Сыроежкин улыбается и, счастливый, кивает мне.
– Понял, найду, Дроныч. А где простейшие этим занимаются? – Лёша спрашивает ну очень заинтересованно.
«Ага, понятно: “чёрные” для Лёши – это исключительно простейшие. Дай такому волю, и он отделит от христиан иудеев и мусульман, после чего создаст свой миниатюрный “Освенцим” с трогательной надписью над входом: “Мильхемет и газават. Welcome, твари нерусские” ...»
– Лёш, а ты в своём любимом «Бирюлево» под всеми ящиками посмотри, – зло советую я. – Знаешь, как грибы размножаются?
– А причем тут грибы?
«Нет, Сыроежкин – это всё–таки очень тупое животное.» В конце концов, Лёша догадывается, на что я ему намекал. Шутка, конечно, так себе, но чуваки, что отрабатывают технику рядом, тихо ржут, прислушиваясь, как я на свой лад воспитываю этого недоросля.
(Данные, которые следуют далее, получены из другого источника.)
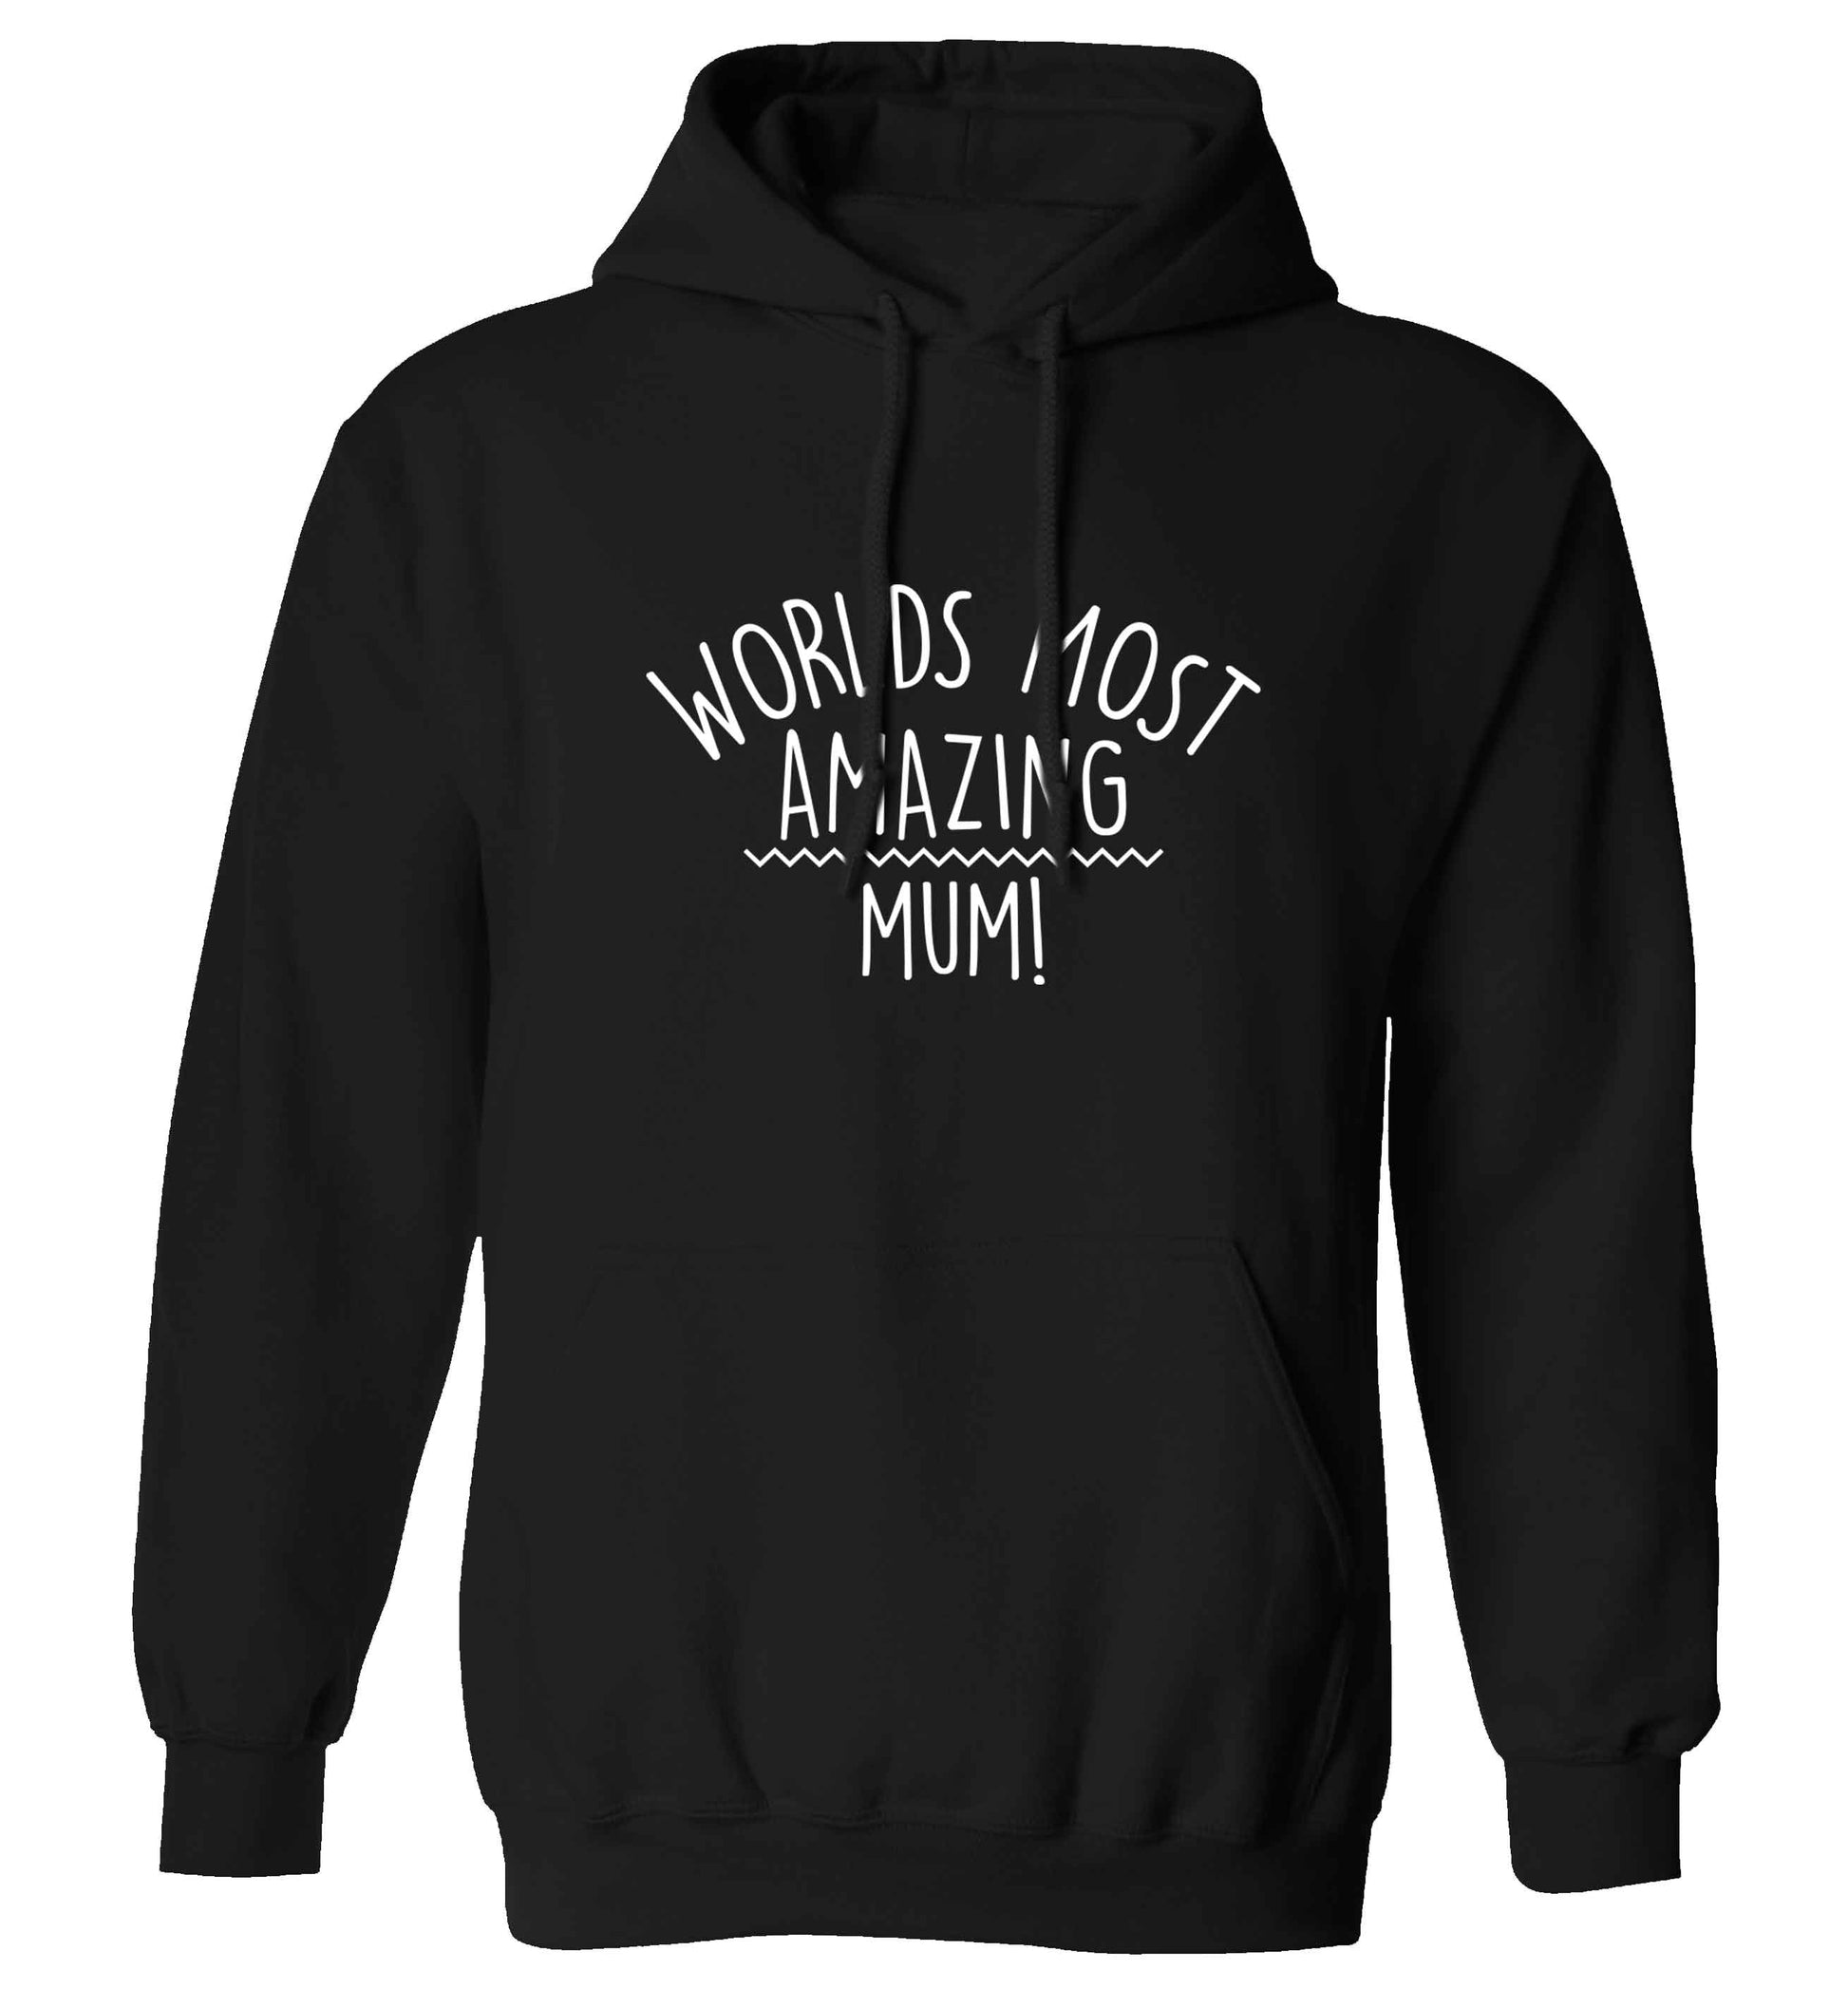 Worlds most amazing mum adults unisex black hoodie 2XL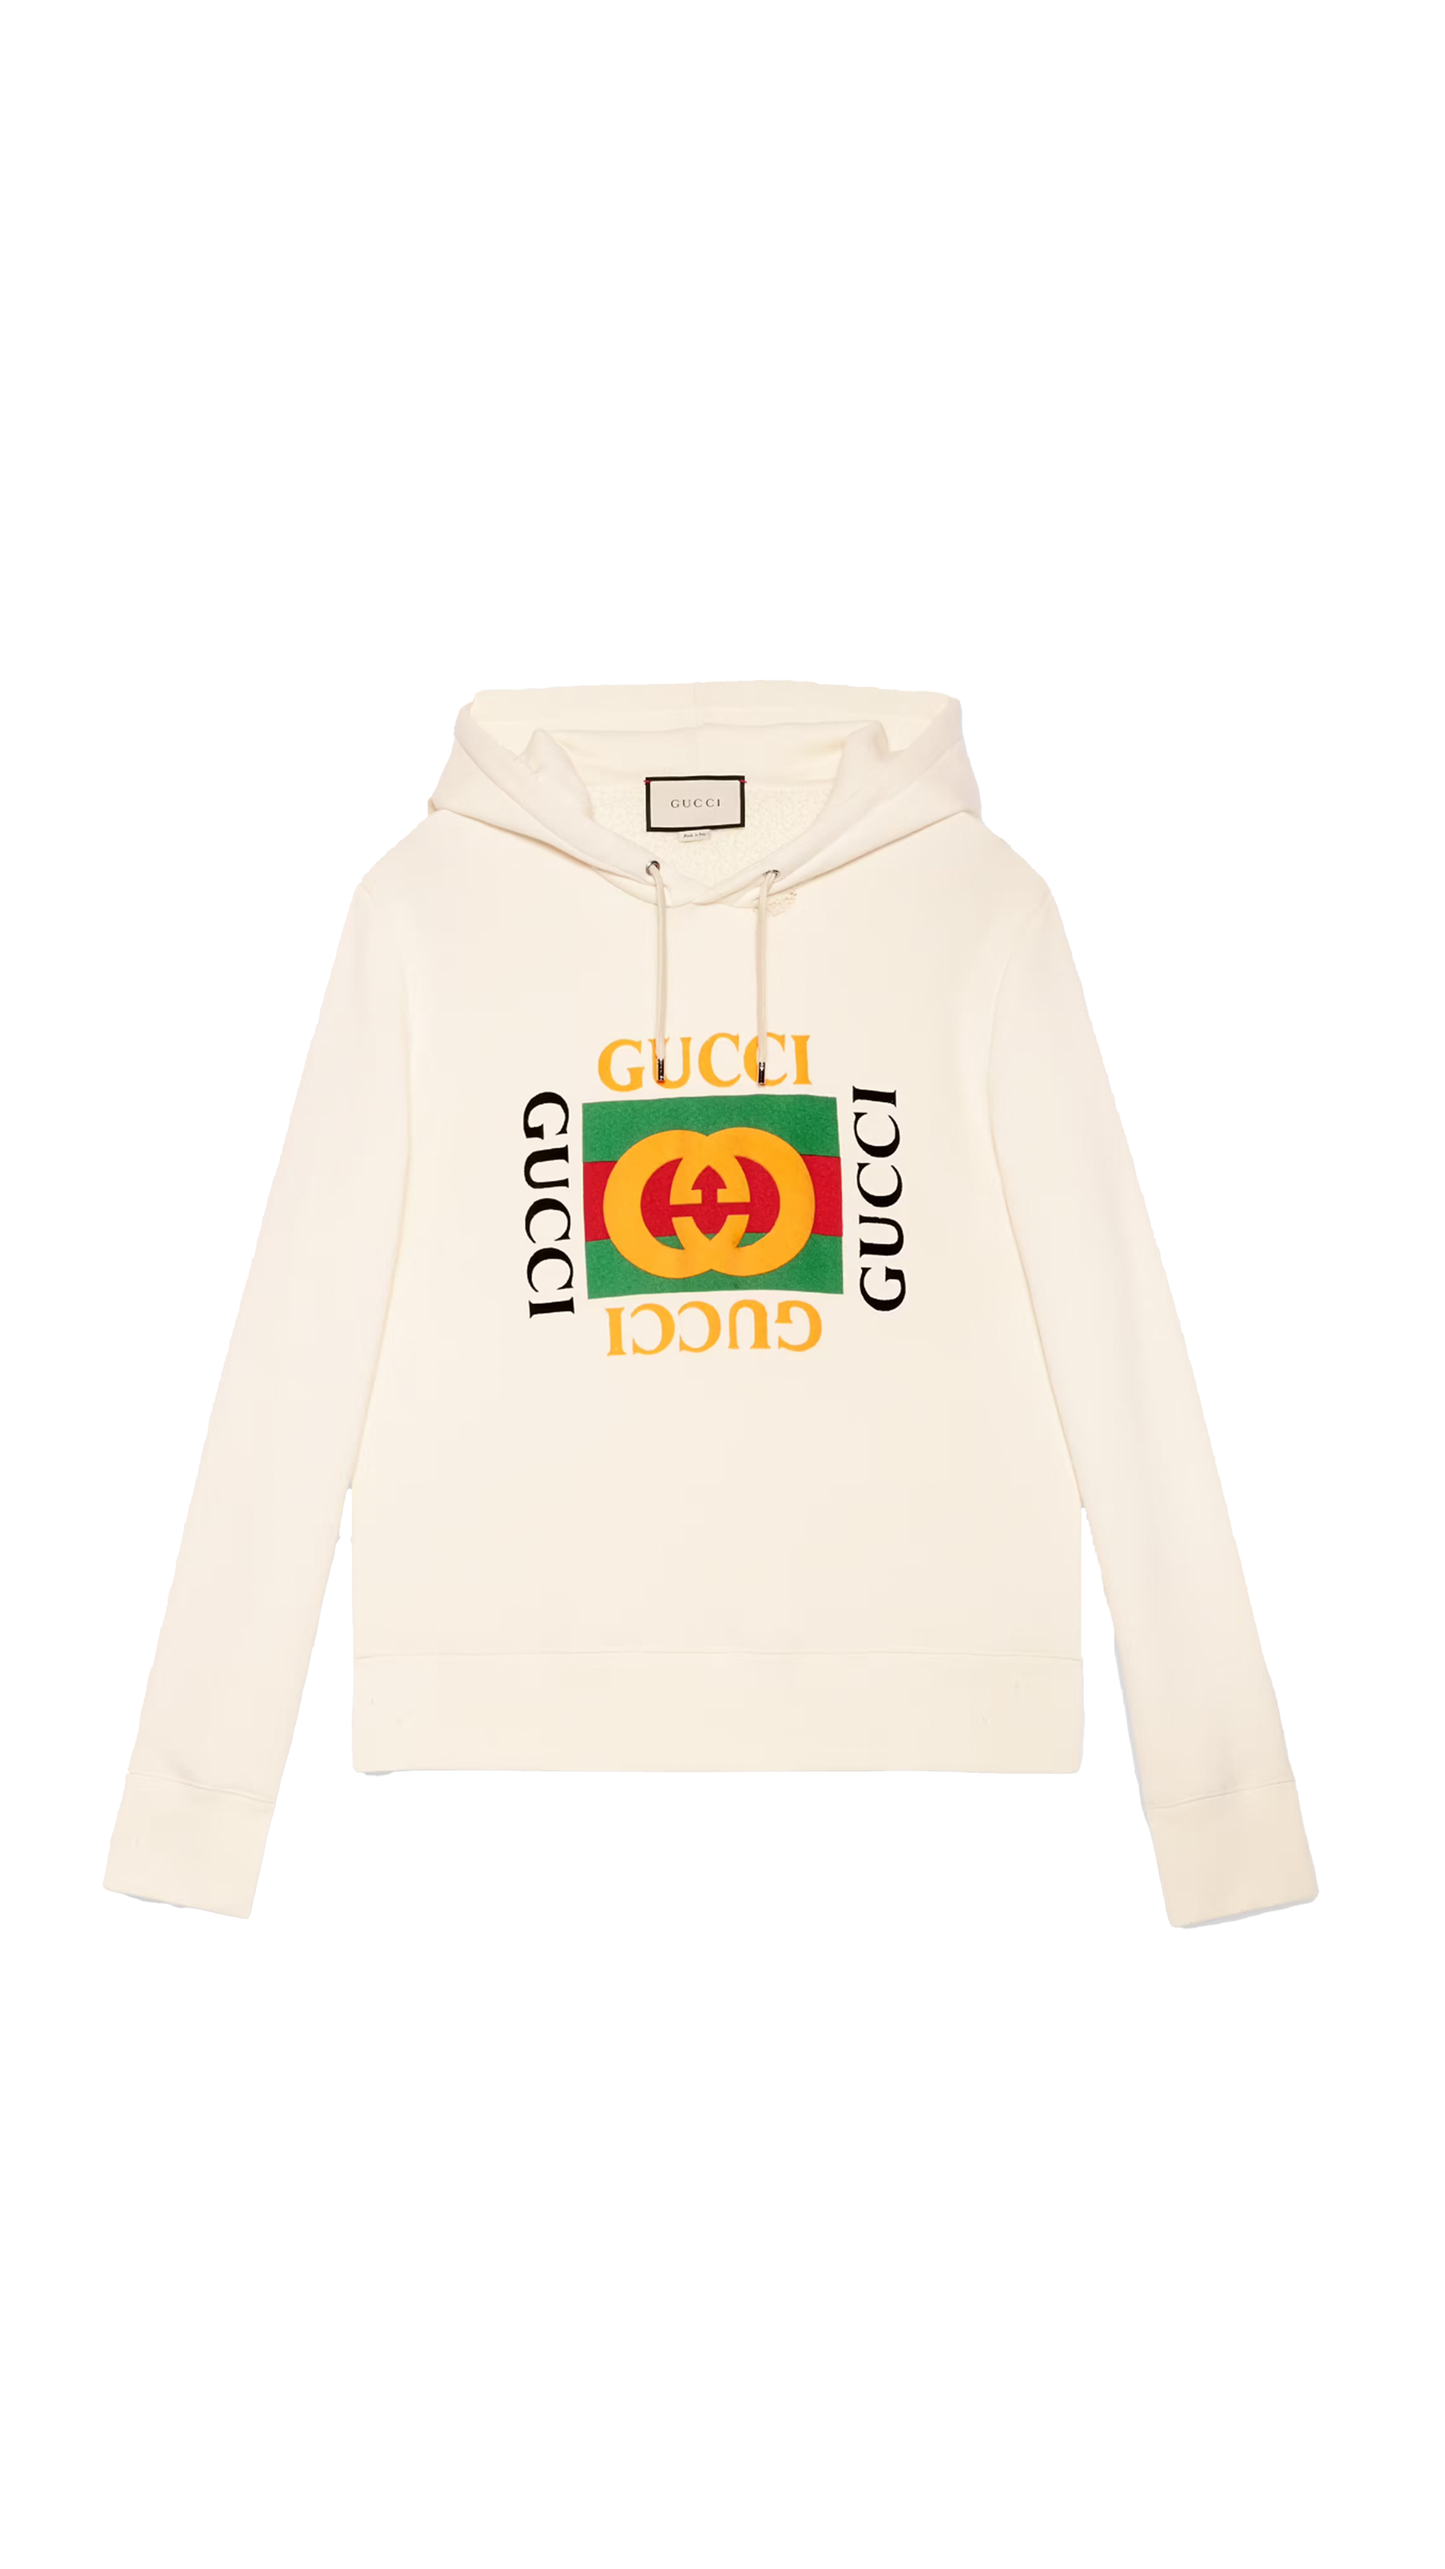 Oversize Sweatshirt with Gucci Logo - White

– Ладно, Лёш, извини, – говорю я, чтобы снизить градус. В качестве компенсации показываю Леше некоторые техники при работе с боккэном. Сейчас занятия с этим видом древнего японского оружия исключены из ряда школ, но у нас они пока практикуются, чему я очень рад: мало кто знает, сколько забавных и по–настоящему действенных вещей можно сделать при помощи этой палки. Именно поэтому в современной Японии к боккэну до сих пор относятся с должным уважением. Когда я мотался в Токио в прошлом году для сдачи экзаменов на сертификат «Yoshinkan Aikido Ryu», меня обязали сдать мой боккэн в багаж, как сдают оружие. А сейчас я, как старший, добрый товарищ, демонстрирую Лёше, как эффективно нанести боккэном тычковый удар. И как в момент удара сделать шаг в сторону и вперёд, а потом развернуться боком и пропустить боккэн мимо себя. Как перехватить его и как, действуя боккэном наподобие рычага, выкрутить запястье противника. И как противодействовать этому болезненному захвату, если метят в тебя. Потом опускаю вниз руки.
– А теперь ты бей, – предлагаю я. Сырожкин прищуривается и тут же пытается зашарашить боккэном мне прямо по правому плечу, где у меня была рана. Ухожу от удара.
– Лёш, пошутили и хватит, – по–хорошему предупреждаю я.
– Ага, – Лёша прицеливается и снова метит мне в правое. Пришлось выбить боккэн у Сыроежкина, уложить его на мат и несильно стукнуть этого идиота каширой боккэна прямо по дурной голове, чтобы начал соображать хоть немного. По додзё немедленно прокатилось раскатистое «бум–м–м», точно кто стукнул палкой по пустому жестяному чайнику. Меня это заинтересовало, и я дал Лёше по башке ещё разок. Прислушиваюсь: ну точно, благовест...
– Лёш, у тебя из головы звук, как из бубна.
Чуваки ржут уже в голос. Сыроежкин выбешивается прямо на глазах, бросает боккэн и, игнорируя мой поклон, уходит в раздевалку.
– А ну–ка вернись, – уже без улыбки приказываю я. Сыроежкин вскидывает на меня злые глаза. – Поклон и волшебные слова, – напоминаю.
– Domo arigato godzaj masita. Благодарю за то, что произошло, учитель, – нехотя произносит Лёша стандартную фразу для айкидок при обращении к сэнсею и кланяется мне. И потом, чуть тише, исподтишка: – Я тебя, Исаев, достану.
Лёша уходит, бросив на меня последний косой взгляд. Отзанимавшись и поболтав с чуваками, переодеваюсь, выхожу на улицу и тут же замечаю рядом со своей «бэхой» Лёшу, о котором успел благополучно забыть и который стоял и попинывал колесо моей машины.